Em 19 de fevereiro de 2026, pesquisadores confirmaram que as fundações não pertenciam à cidadela. As estruturas identificadas faziam parte de um assentamento muito mais antigo.

Segundo reportagens da VRT NWS, a fortaleza construída em 1540 acabou selando um distrito inteiro sob suas muralhas. O antigo bairro medieval permaneceu preservado durante séculos.

Com a ampliação das escavações, o traçado do distrito começou a aparecer com maior clareza. As fundações revelaram casas e estruturas ligadas ao histórico bairro da Abadia de São Bavão.

As construções estavam agrupadas ao longo de ruelas estreitas, indicando um espaço urbano densamente ocupado. Entre essas estruturas, arqueólogos identificaram oficinas, residências e áreas ligadas ao comércio cotidiano.

No centro do sítio arqueológico surgiu a base de uma grande igreja de pedra. A estrutura era dedicada a São Bavão, cuja abadia já foi uma importante instituição religiosa da cidade.

O tamanho da igreja indica que ela servia como centro espiritual para milhares de pessoas. O local estava cercado por um conjunto compacto de construções que formavam o antigo bairro medieval.

Destruição do distrito em 1540

O bairro desapareceu abruptamente em 1540 durante um conflito entre a cidade e a autoridade imperial. Moradores de Ghent haviam se revoltado contra novos impostos.

Em resposta, o Sacro Imperador Romano Carlos V ordenou punições severas. O decreto determinou a destruição da Abadia de São Bavão e de aproximadamente 800 casas vizinhas.

A demolição abriu espaço para a construção de uma nova fortaleza destinada a reforçar o controle imperial sobre a cidade. A cidadela foi erguida exatamente sobre a área onde existia o bairro medieval.

Durante séculos, historiadores acreditaram que o distrito havia sido totalmente removido antes da construção da fortaleza. As escavações recentes indicam que isso não ocorreu.

Na prática, grande parte do assentamento permaneceu enterrada no local. A fortaleza acabou sendo construída diretamente sobre as ruínas do antigo distrito.

Castelo, Medieval
Os crânios costumam estar bem preservados . Crédito: Serviço Arqueológico de Ghent

Fortaleza preservou estruturas históricas

A construção da cidadela teve um efeito inesperado sobre as camadas arqueológicas. As espessas muralhas e fundações acabaram protegendo o solo sob a estrutura.

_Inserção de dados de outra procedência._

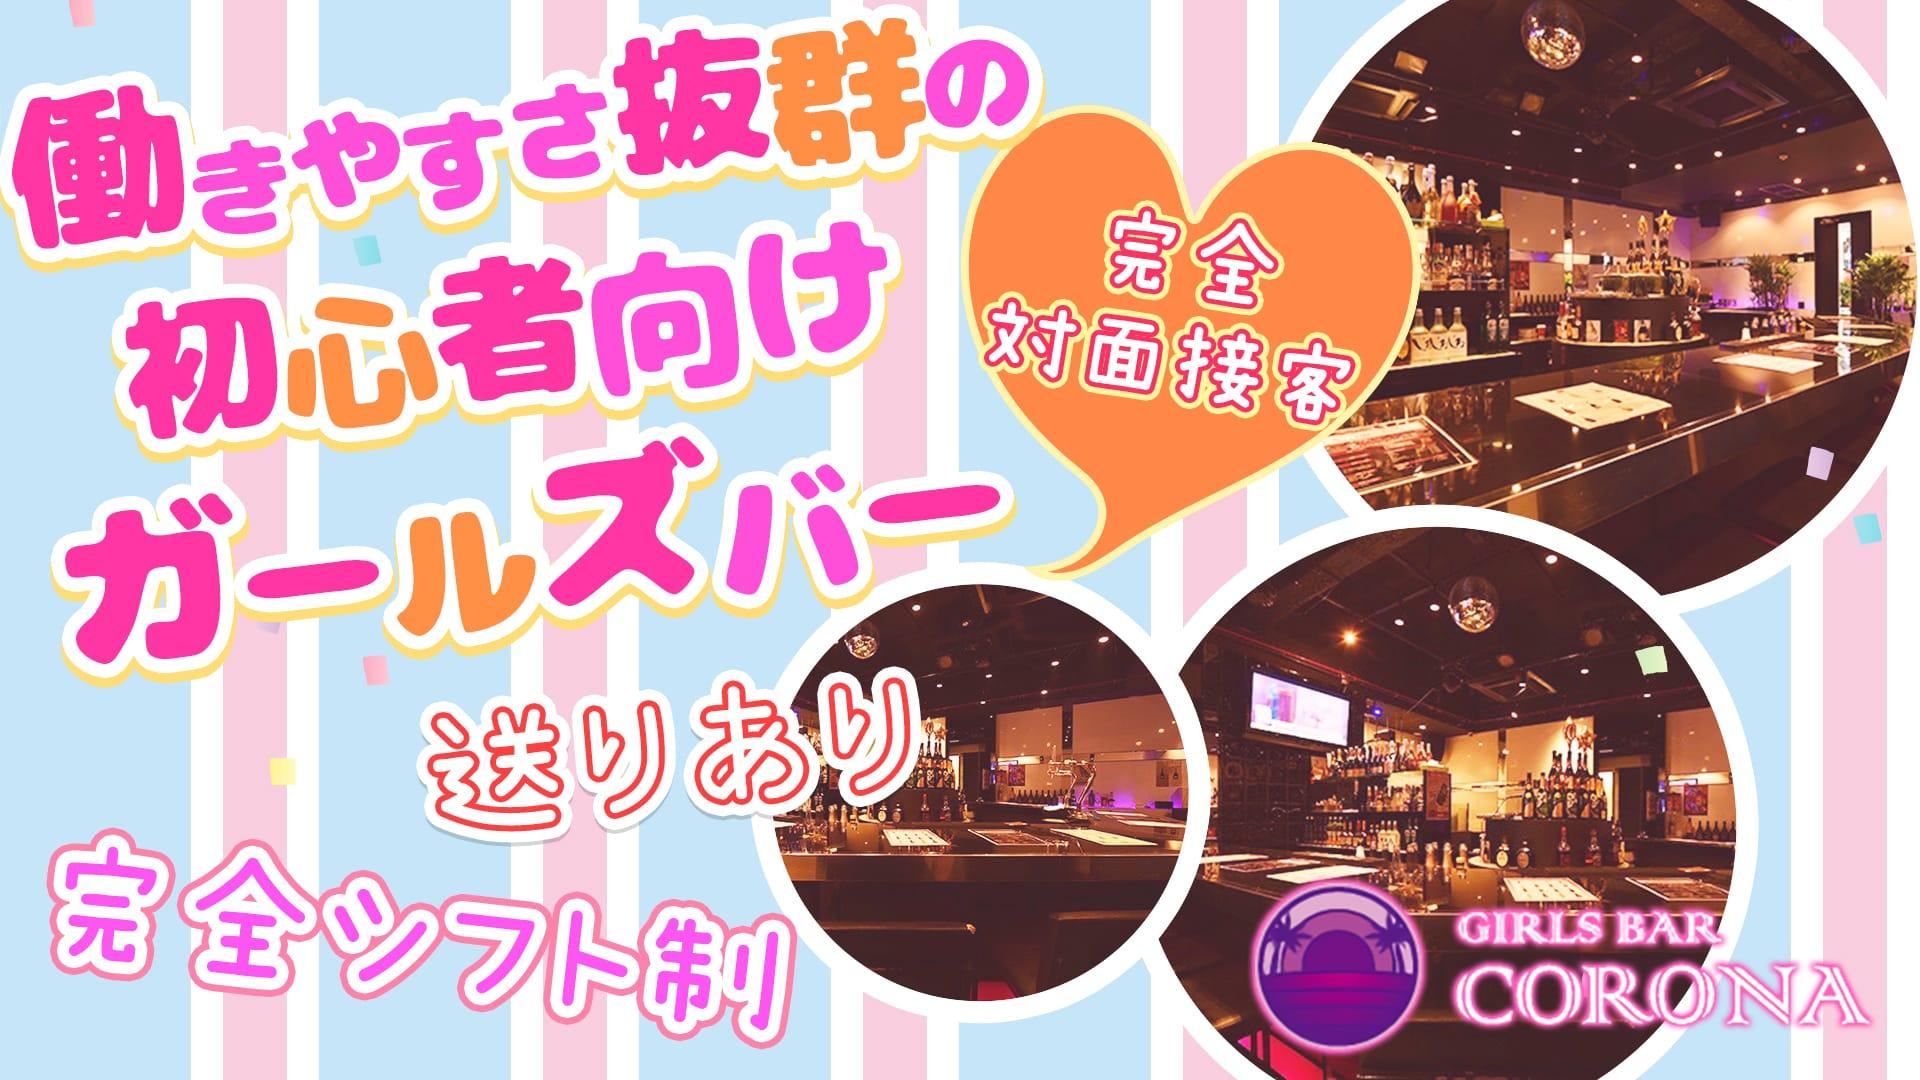 GIRL'S BAR CORONA(コロナ) 中洲ガールズバー TOP画像

Segundo Geert Vermark, do Serviço Arqueológico de Ghent, a fortaleza funcionou como uma espécie de tampa protetora. Isso manteve preservadas as estruturas do bairro medieval.

Enquanto outras áreas da cidade passaram por reconstruções ao longo dos séculos, o distrito soterrado permaneceu praticamente intacto sob a base da fortaleza.

Uma das descobertas mais importantes foi um cemitério localizado ao lado da igreja. Arqueólogos identificaram mais de 200 esqueletos humanos organizados em fileiras.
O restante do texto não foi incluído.